Perhaps it is merely a matter of emphasis, but the *301terse explanation in Studer of what constituted contributory negligence on the part of a boy of 12 contrasts sharply with the instruction in the present ease which labors the matter and which does not purport to use it as an explanation of a kind of contributory negligence particularly applicable to the circumstances. The unfairness is aggravated by the instruction’s failure to inform the jury that “assumption of risk” as it was then being used was part of the negligence concept. The two instructions appear as if they concerned independent and non-related matters.
The defendant Stevens contends that there is no evidence of its negligence which was a cause of the accident.
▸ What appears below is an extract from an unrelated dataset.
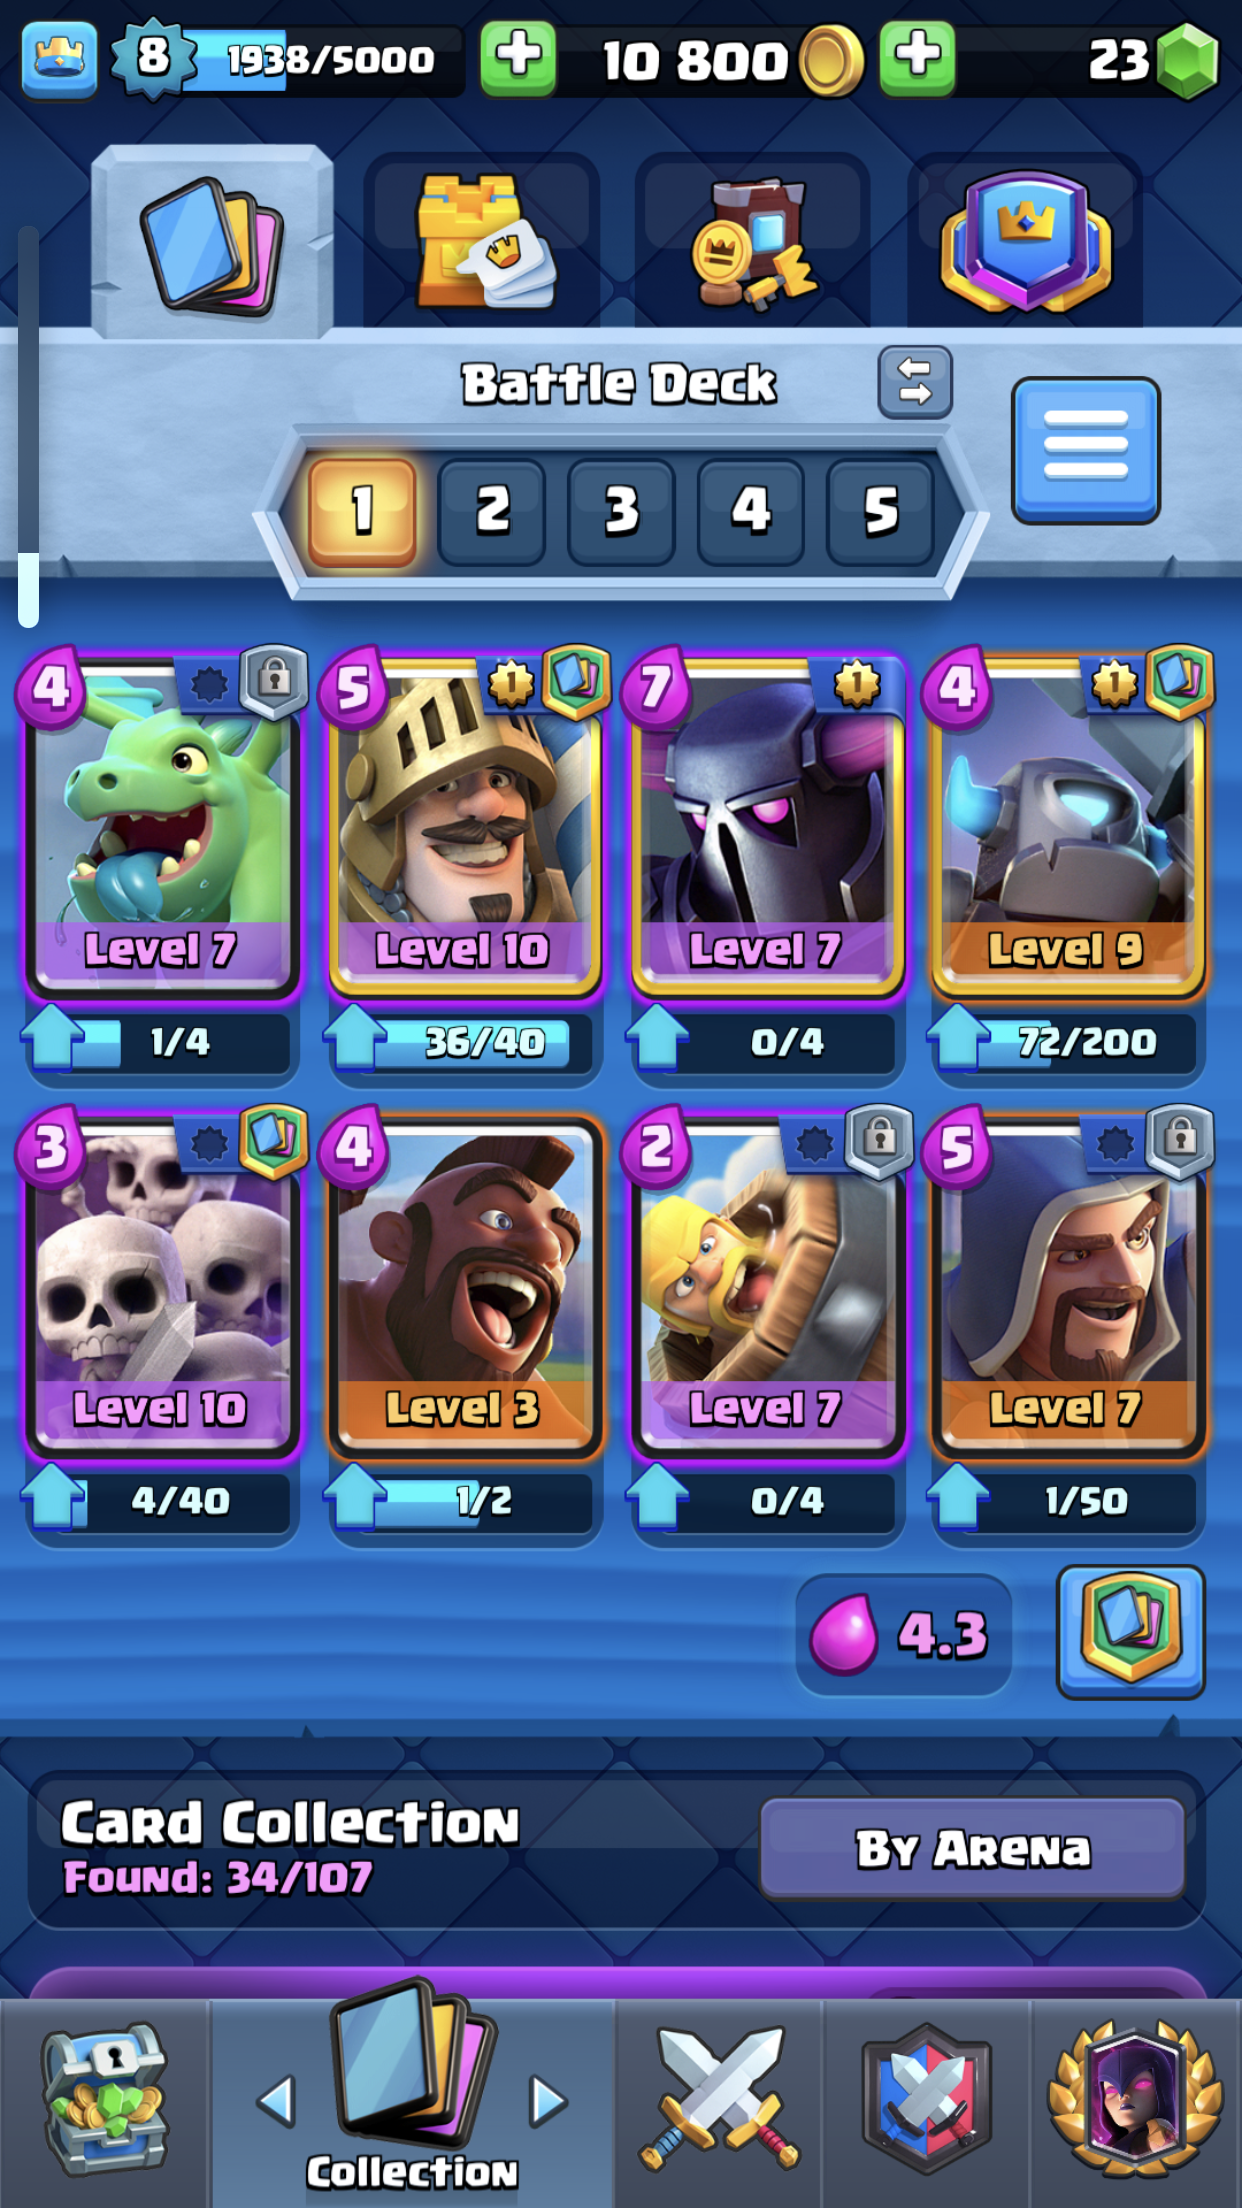 Really good deck for arena 5

There is evidence sufficient for the jury to find that Stevens, through its employe the salesman, took plaintiff to and left her unattended in a dangerous area and that this was a cause without which the accident would not have occurred. We, therefore, believe there was sufficient evidence of defendant Stevens’ negligence to go to the jury.
Stevens also contends plaintiff was contributorily negligent as a matter of law because she waited in the service department, stood between the front of a vehicle and the wall, and failed to see the defendant Smoot get in her vehicle. While plaintiff admitted that she knew that cars were being moved around, this court cannot say that the service department was so dangerous that plaintiff was guilty of negligence as a matter of law in remaining there. In addition, the jury could have found that a person of reasonable prudence who had never been in a service department before should not have been expected to realize the full extent of the danger. Neither can we say that plaintiff was contributorily negligent as a matter of law because she *302stood in front of a parked vehicle or because she failed to notice the defendant Smoot was about to start her car. These were matters for the jury.
The judgment of the trial court is reversed and the case is remanded for a new trial.
These instructions are set forth to demonstrate that all instructions were given which were in any way necessary to an understanding or application of contributory negligence. It is not claimed that the instruction in question was duplicative of all of them.